Dylan triumphed over stiff competition from the bookies' favourite Kenyan novelist Ngugi Wa Thiong'o, who usurped Haruki Murakami (6/1) as favourite to win at Ladbrokes with odds at 7/2, American novelist Don DeLillo (8/1), Syrian poet, essayist and translator Ali Ahmad Said Esber (6/1), American writer, Pulitzer Prize winner Philip Roth (12/1) and Italian scholar Claudio Magris (12/1).
Danius said: "He is a great poet – a great poet in the English speaking tradition and he is a wonderful sampler, a very original sampler. He embodies the tradition and for 54 years he’s been at it, reinventing himself constantly, reinventing himself creating a new identity."
She added that "Blonde on Blonde" represented "many classics" and was "an extraordinary example of his brilliant way of rhyming, and putting together refrains and his pictorial way of thinking".
In response as to whether she expected criticism over the decision, Danius said "I hope not" and defended the choice by saying it followed in the same tradition as such writers as Homer, author of the Iliad and the Odyssey, as a writer of "texts that were meant to be listened to".

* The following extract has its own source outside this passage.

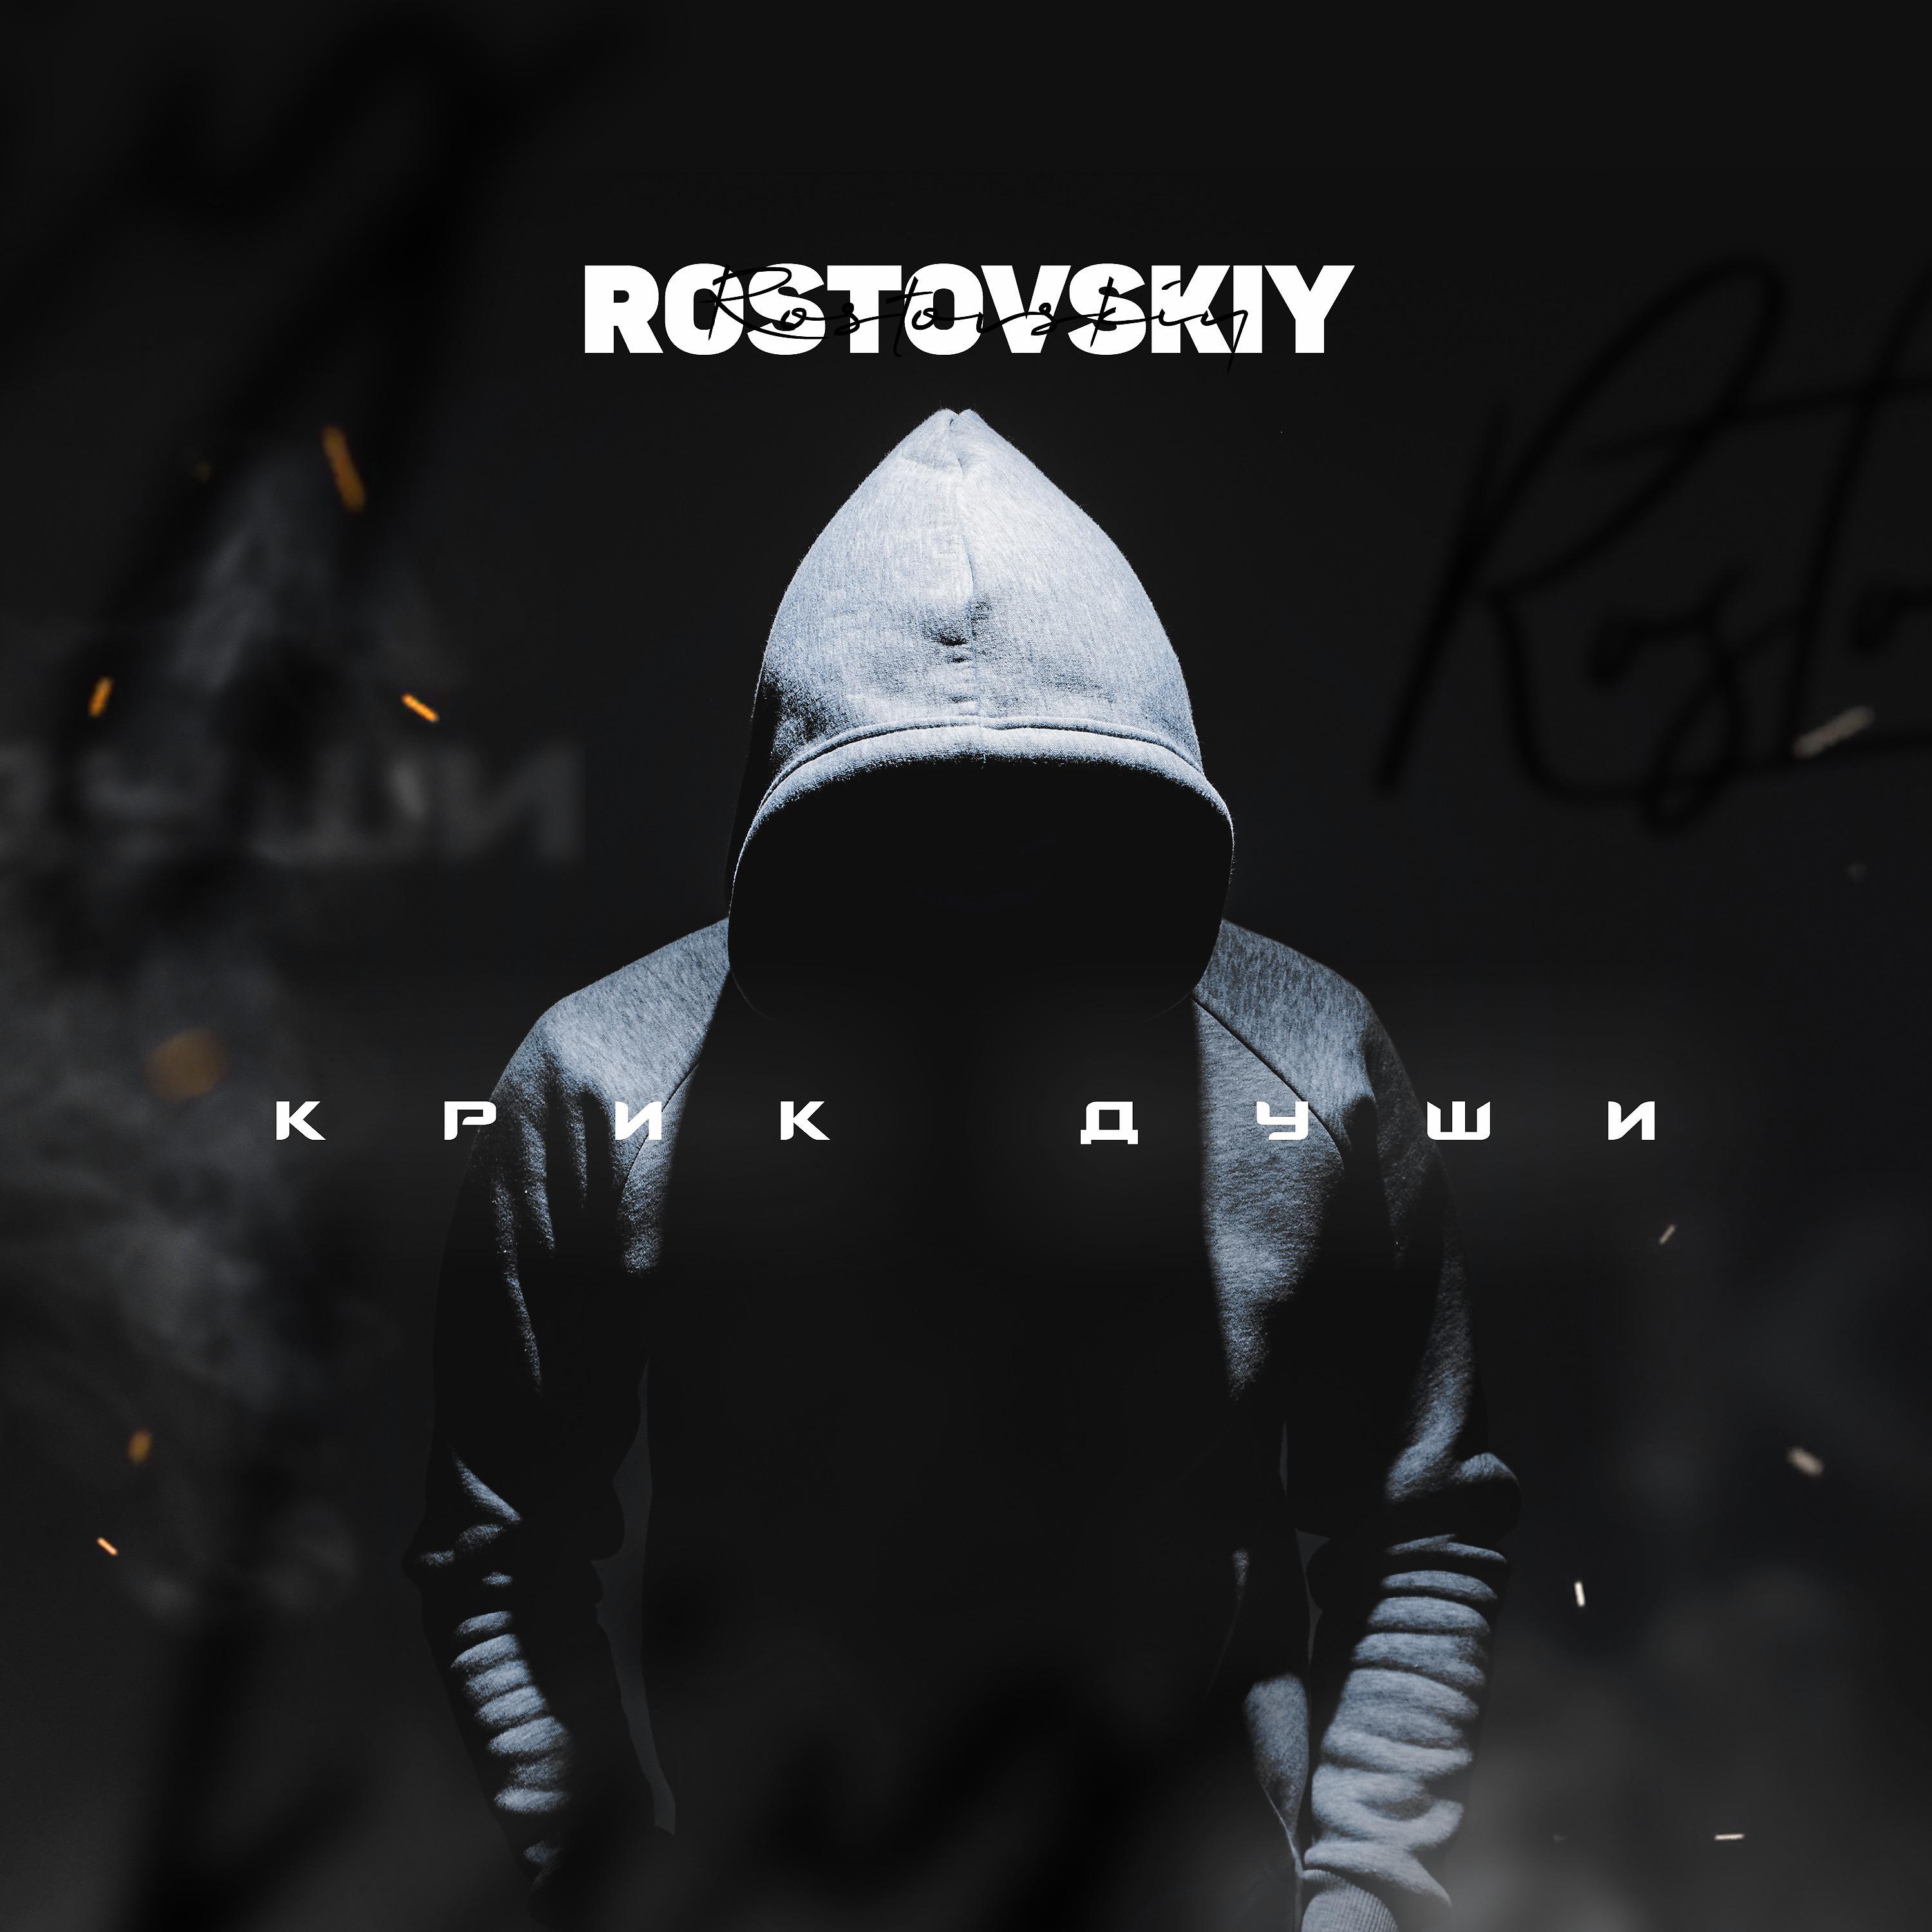 Rostovskiy - Из-за неё

"It may look like we have [widened the horizon for the prize], but really we haven't," Danius said. "If you look back, far back, 2,500 years or so, you discover Homer and Sappho and they wrote poetic texts that were meant to be listened to. They were meant to be performed, often together with instruments, and it's the same way with Bob Dylan. But we still read Homer and Sappho and we enjoy it. Same thing with Bob Dylan. He can be read and should be read and is a great poet in the grand English poetic tradition."

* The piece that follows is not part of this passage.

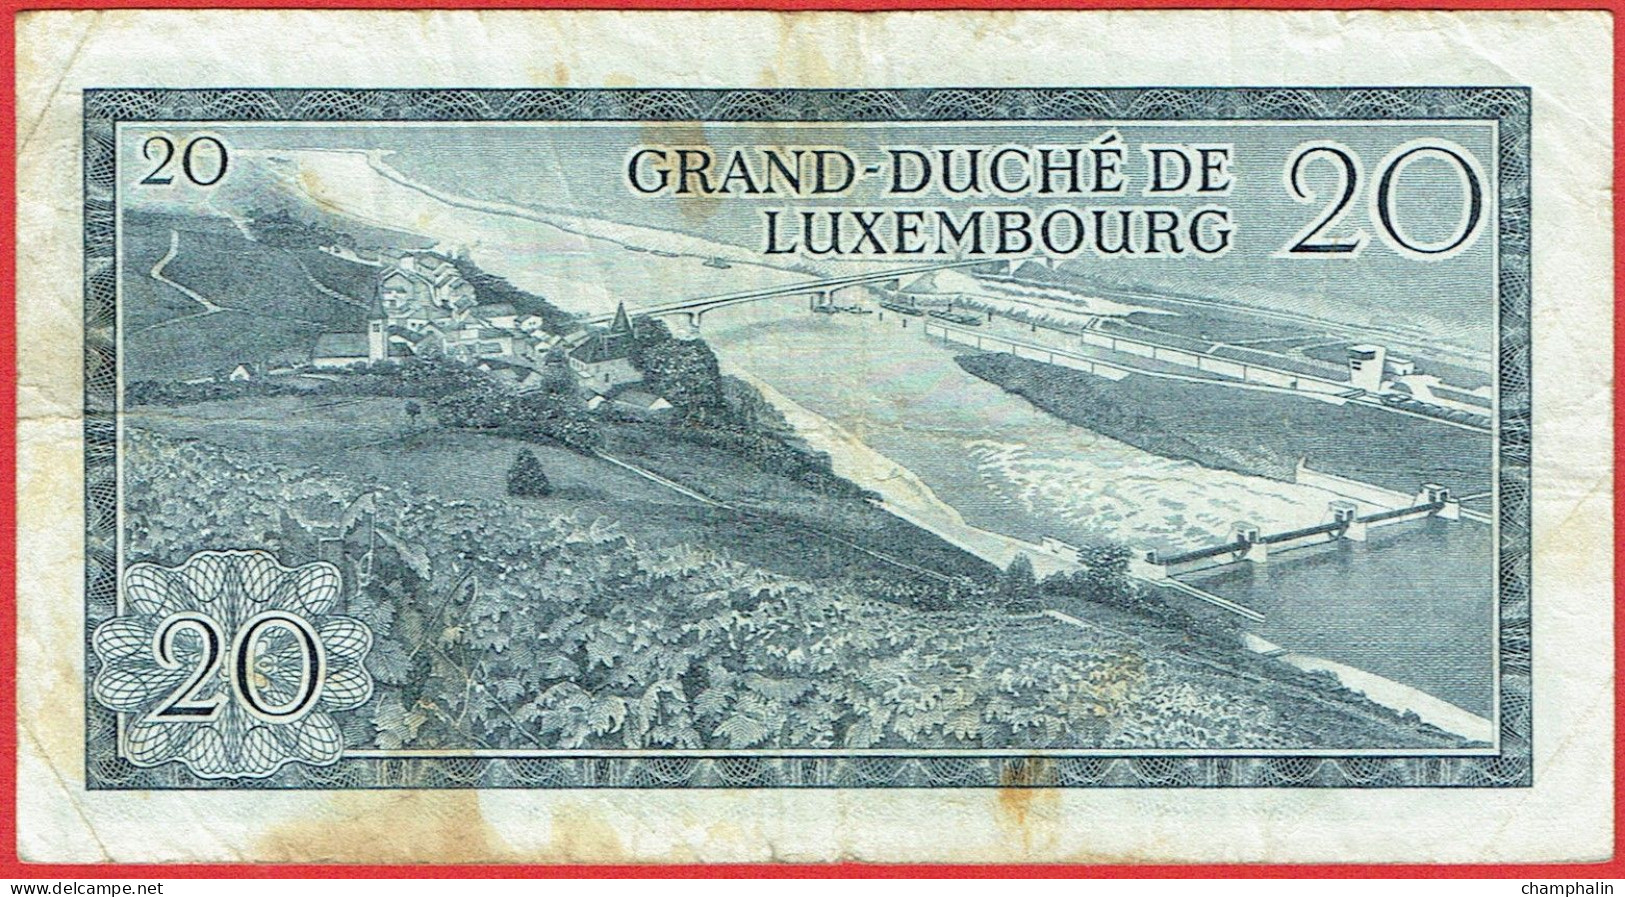 Luxembourg - Billet De 20 Francs - 7 Mars 1966 - Grand-Duc Jean - P54 - Lussemburgo

Simon & Schuster publishes Bob Dylan’s Chronicles: Volume One and confirmed to The Bookseller it had ordered another print run on the back of news of today's prize win.
Jonathan Karp, president and publisher of Simon & Schuster, added: “We congratulate Bob Dylan on this extraordinary honour. For decades, he has fused poetry and music with ground-breaking artistry."
There has been speculation about why the Nobel Prize in Literature was not awarded at the same time as the other Nobel Prizes, with some pointing to it as a sign of disagreement on the committee as opposed to a mere calendar issue. According to the Swedish Academy, the nominations and the opinions written by the members of the Nobel Committee in Literature are kept secret for 50 years.
This year is the 109th Nobel Prize in Literature. Belarusian writer Svetlana Alexievich last year won the prize "for her polyphonic writings, a monument to suffering and courage in our time", and was the 14th woman to have won the prestigious award.